St Nicholas' Church is the parish church of Keyingham, a village in the East Riding of Yorkshire, in England.

The church was built around 1200, from which period the nave survives. The chancel, tower and nave arcades were constructed in the late 13th century. A chapel was added in the 14th century, followed in the 15th century by a porch and a clerestory. The chancel was restored in 1885, then between 1888 and 1893 the building was generally restored by Frederick Stead Brodrick, his work including a new roof. The north aisle was rebuilt in 1914, and in 1969 the church spire was removed and the parapet was rebuilt.
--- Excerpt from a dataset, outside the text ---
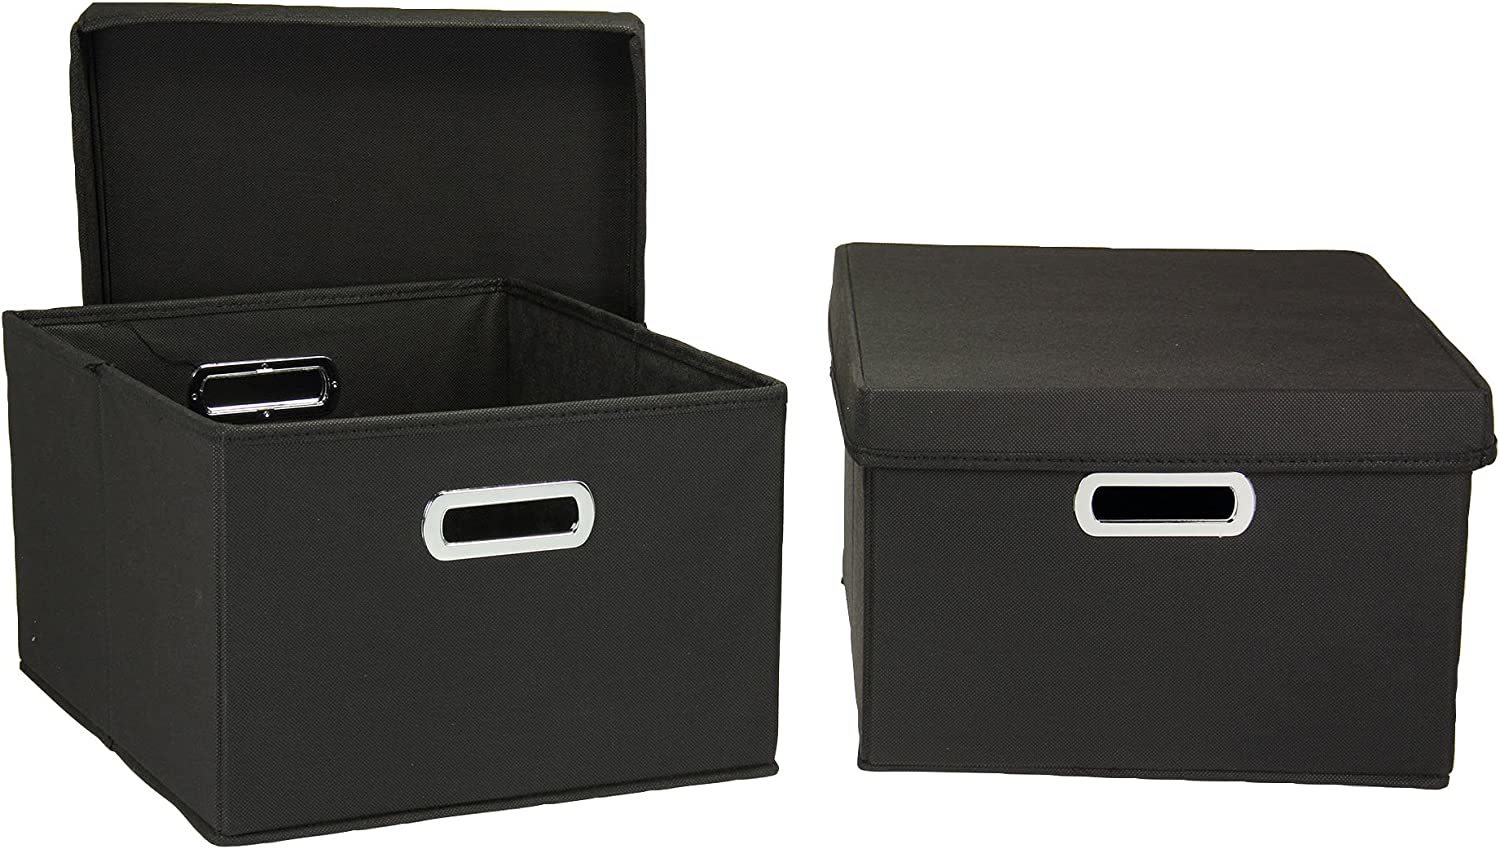 Household Essentials Fabric Storage Boxes With Lids And Handles, Black - $31.99

The building has been grade I listed since 1966.

The church is built of cobbles, limestone and brick, it is partly pebbledashed, and has lead roofs. The church consists of a nave with a clerestory, north and south aisles, a south porch, a chancel with a south chapel, and a west tower. The tower has four stages, a plinth, buttresses, moulded string courses, a small blocked north door, a pointed west window with a hood mould, pointed bell openings with hood moulds, and a coped parapet. Inside, the chancel has a trefoil piscina, there is a 13th-century font, 15th-century wooden roof corbels carved with faces and other decorations, now in the south aisle, and a wrought iron hourglass stand dating from around 1600. There are several memorials, including two to John Angell, who died in 1647.